Monahan decided that his would be realistic. He wouldn’t stick a bunch of kids out in the wilderness. He’d set the scene in any major metropolitan city. At the same time, his would be stylistic. He’d make impressionistic scenes of violence, ones that would shock as well as, impress his audience.
Then he saw the blood congealing around his shoes.
John Monahan stopped dead on the sidewalk of Mount Vernon Street. He stared in wonder at the red liquid passing between his legs, carried along by a greater torrent of flowing water.
He blinked, thinking his imagination had maybe gotten the better of him. The blood was still there when he looked again. Monahan turned and followed the crimson trail back to its source. The red stuff was alternately dripping and coursing out the bottom of a drainpipe.
Monhan looked up. The pipe traveled uninter
rupted all the way up to the four-story brownstone’s roof. For a second, Monahan didn’t know what to do. But then his imagination and curiosity got to be too much for him. He created all sorts of scenarios to explain the red liquid, some of them quite perverted and violent, but he didn’t really believe any of them could actually happen. Not in real life.
Monahan was at the opposite end of the spectrum from Arlene Halliwell. She acknowledged the movies she saw as fiction but secretly felt they could be fact. Monahan was so wrapped up in the world of image-making that nothing was real anymore. Every person he met was a character. Every place he went was a set. And he couldn’t leave Mount Vernon Street without checking out the possible drama at the top of the brownstone.
John Monahan trotted into the alley between the apartment houses toward the fire escape.
Judy Halliwell wasn’t dead yet. She was very cold. She was on her back, her hands lying useless at her side, her mouth opening and closing like a fish out of water. The rain beat down on her as her life drooled out. She felt the hands back on her chest. They were rubbing in a circular motion. Then they were lifted and she felt a slight pressure at her waist. She heard her belt buckle being undone. She heard her zipper get pulled down. She felt the hands tugging at her waistband, trying to get the wet denim down her hips. The jeans were so tight they were taking her underwear with it.

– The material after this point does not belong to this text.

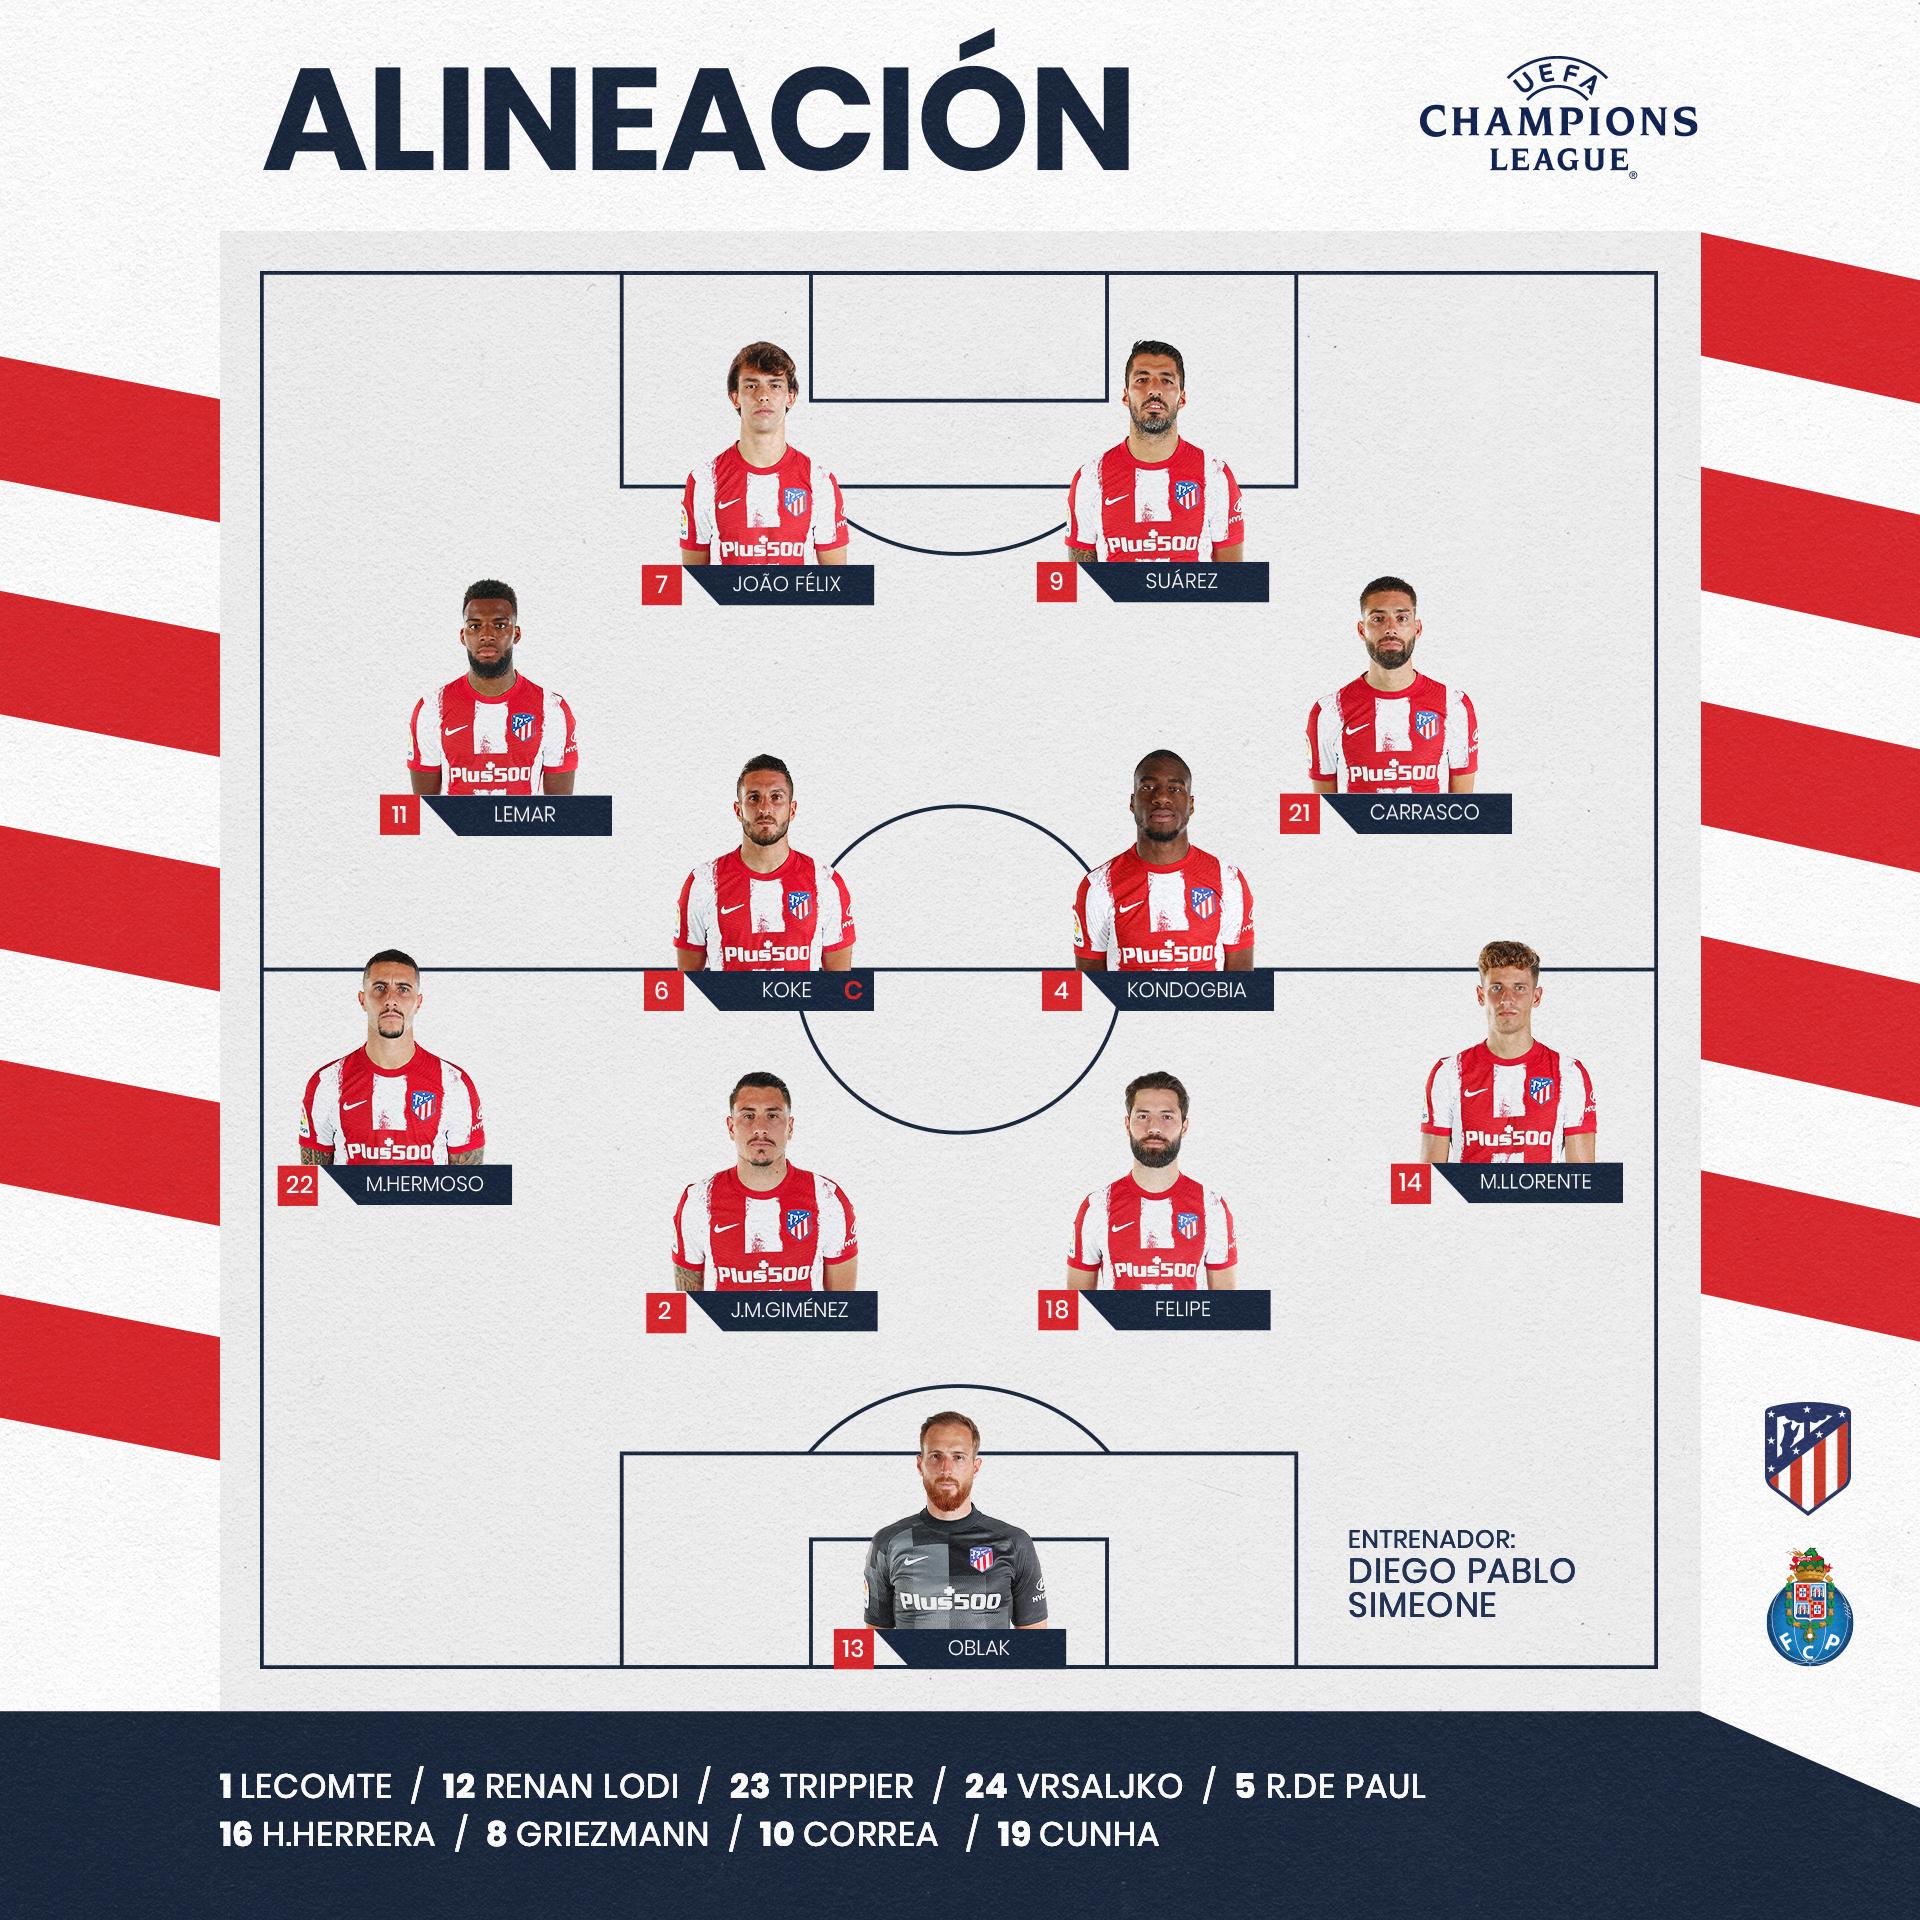 Atletico Madrid formation

She couldn’t talk, but she could still think. She couldn’t believe it. She was going to be raped while she died.
She realized it then. She was dying. She was really dying. Someone was killing her. Her head rolled to the side, some last tears mingling with the rain water on the roof.
Through her misting vision, she saw a figure appear. A man was looking at her from over the side of the building. He just seemed to be floating there, his head and shoulders above the roof line. His face held an expression of abject horror.